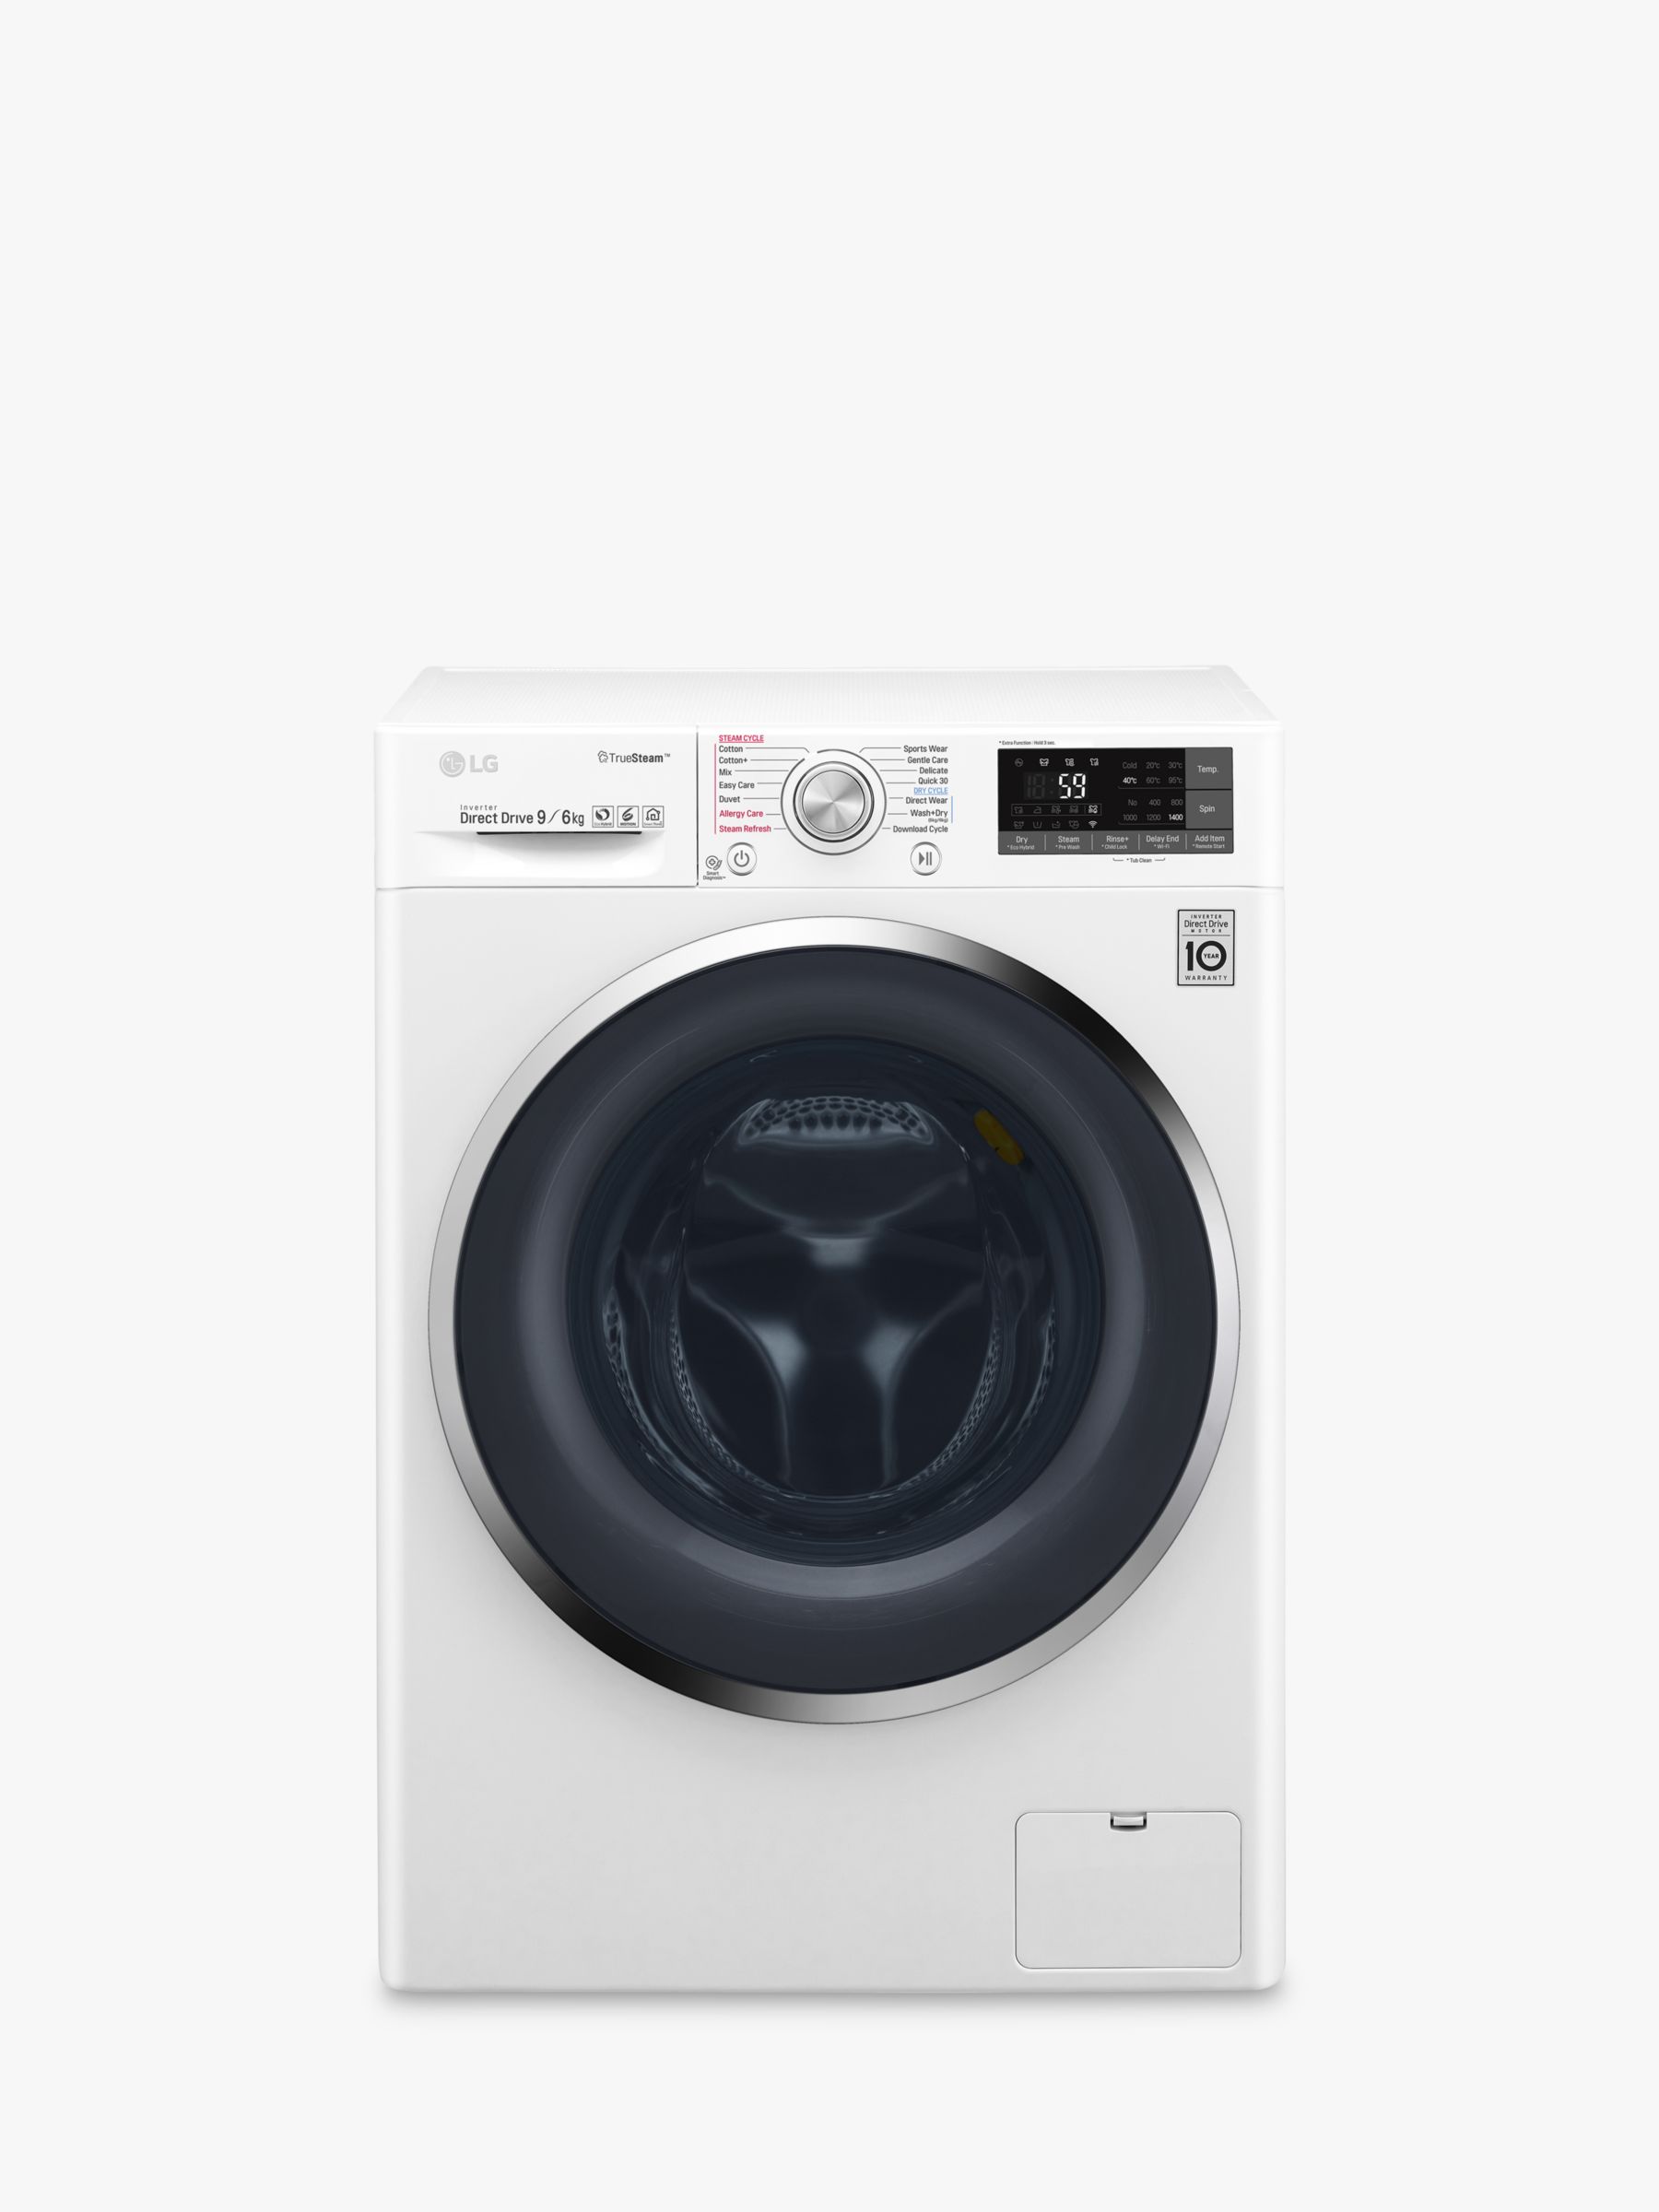 LG F4J8FH2W Freestanding Washer Dryer, 9kg Wash / 6kg Dry Load, A Energy Rating, 1400rpm Spin, White Review thumbnail
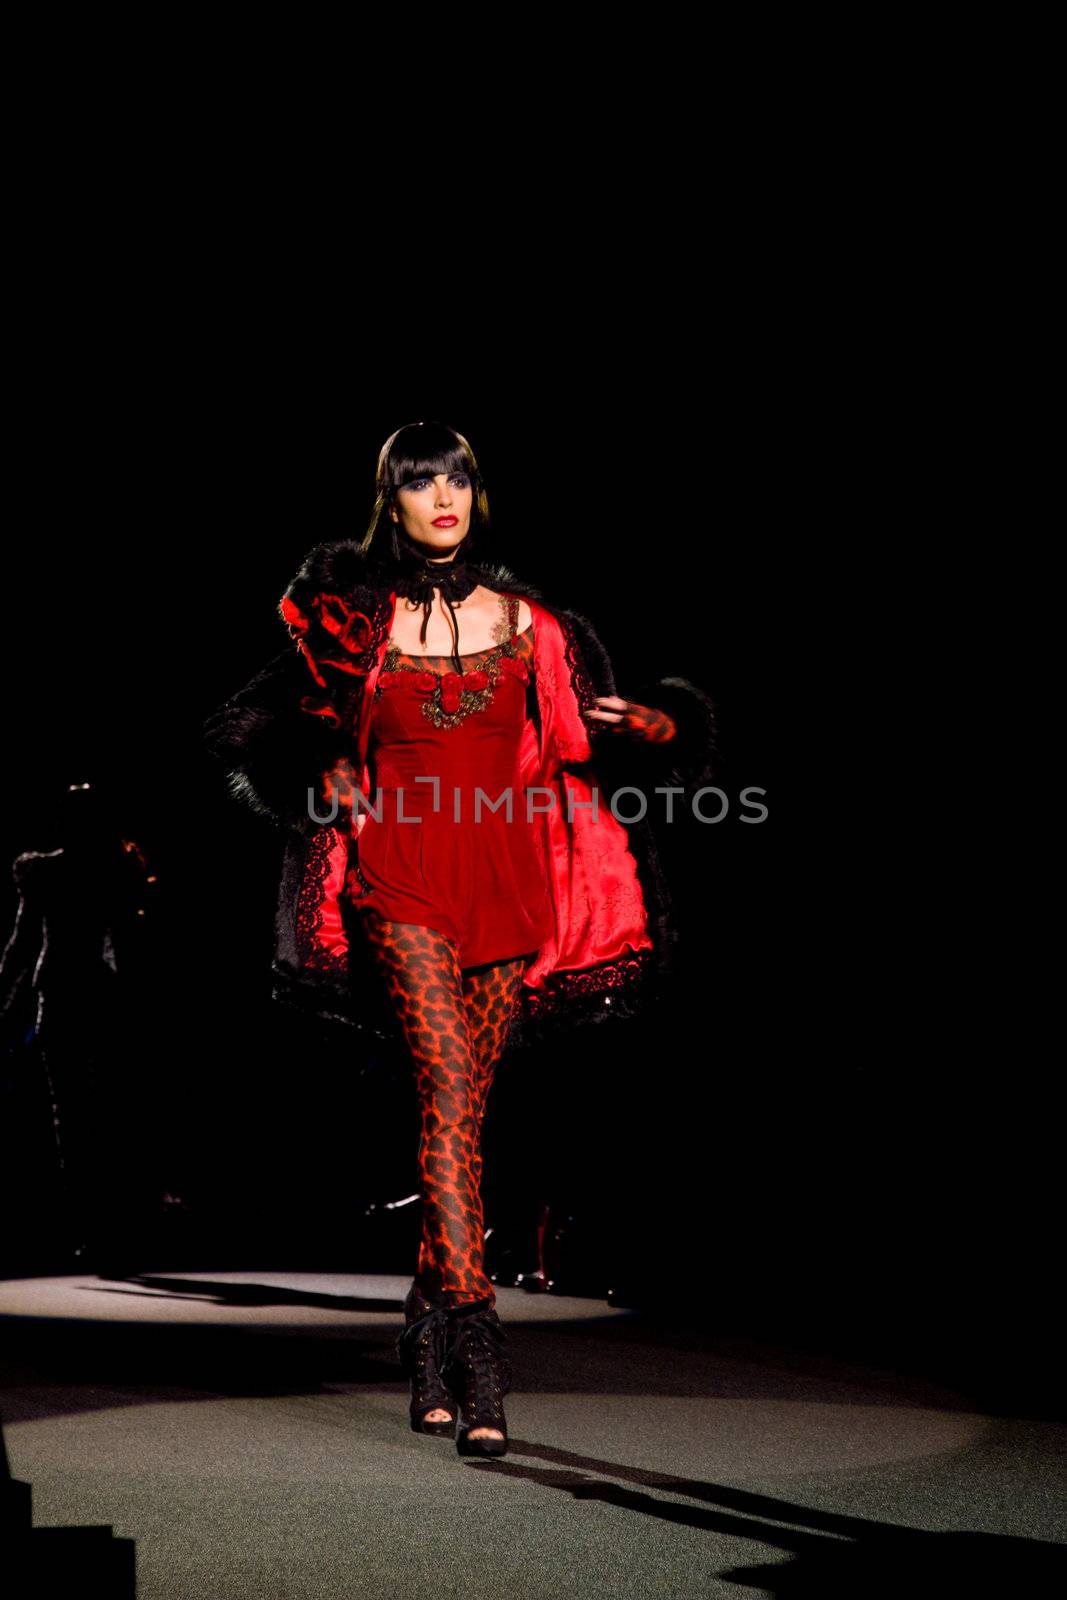 Model at the Betsey Johnson Fall 2011 Collection Runway at Fashion Week New York by photopro
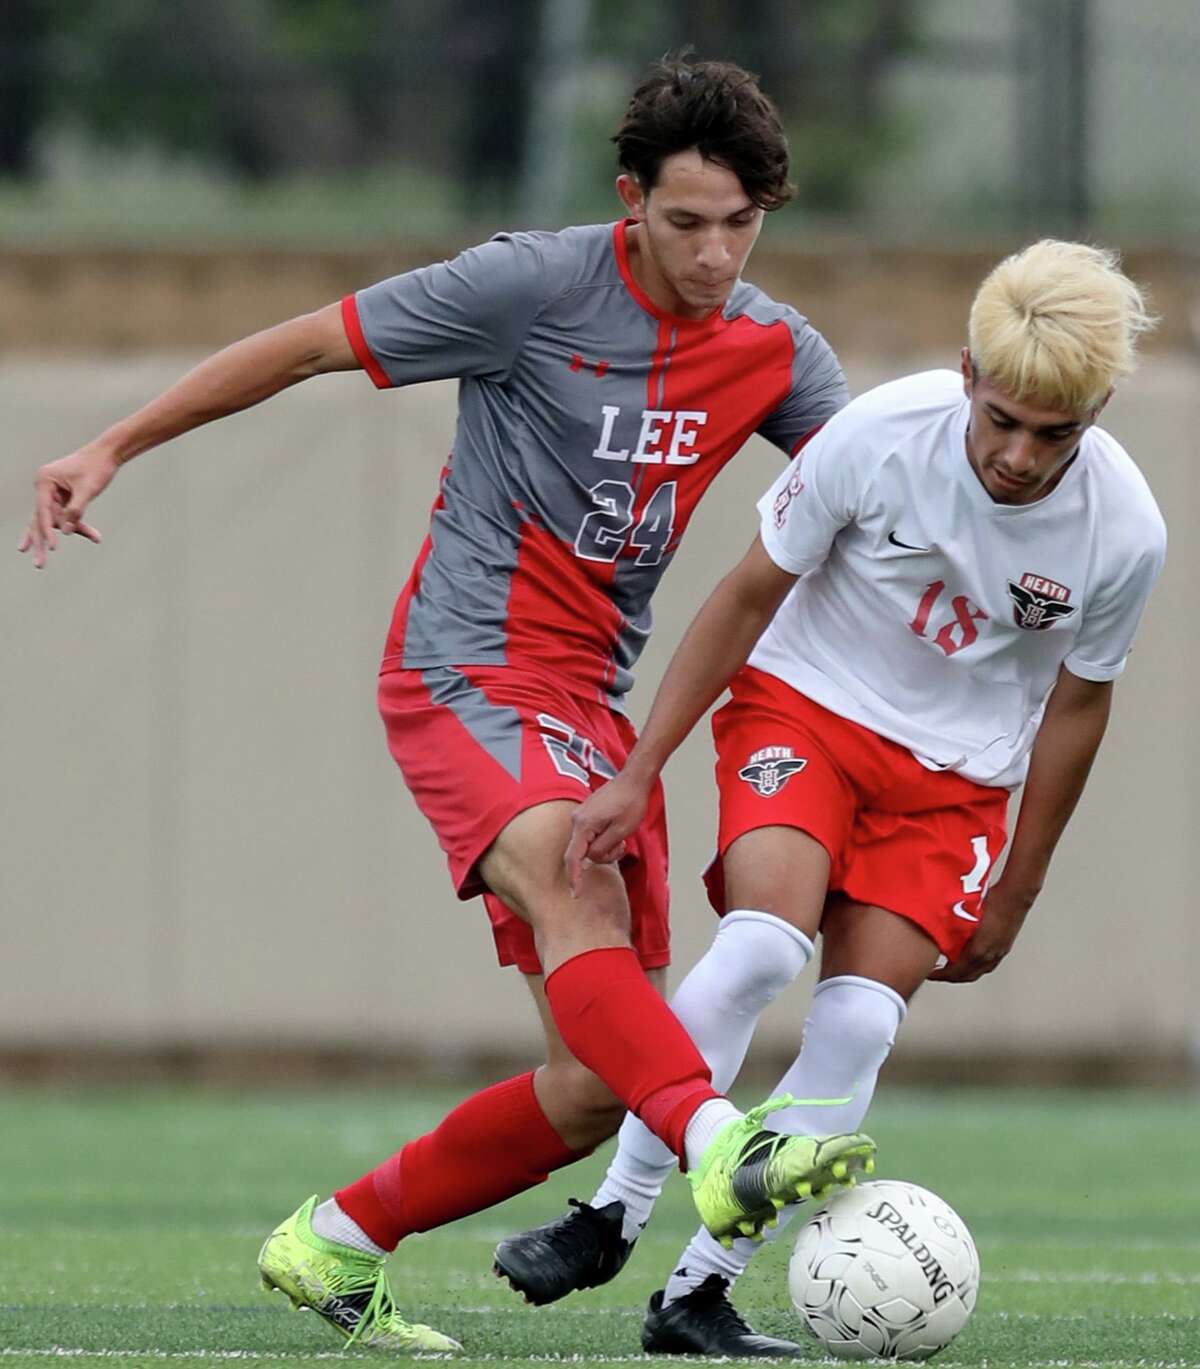 SA Lee’s Julian Sanchez (24) and Rockwall-Heath’s Luis Soto (18) struggle for control of the ball during their UIL 6A boys State championship soccer game at Birkelbach Field on April 17, 2021 in Georgetown, Texas.

_WHAT NEEDS TO BE DONE_
Output the listing exactly. Leave out any image.

_YOUR RESPONSE_
 LG F4J8FH2W Freestanding Washer Dryer, 9kg Wash / 6kg Dry Load, A Energy Rating, 1400rpm Spin, White Review thumbnail
 Model at the Betsey Johnson Fall 2011 Collection Runway at Fashion Week New York by photopro
 SA Lee’s Julian Sanchez (24) and Rockwall-Heath’s Luis Soto (18) struggle for control of the ball during their UIL 6A boys State championship soccer game at Birkelbach Field on April 17, 2021 in Georgetown, Texas.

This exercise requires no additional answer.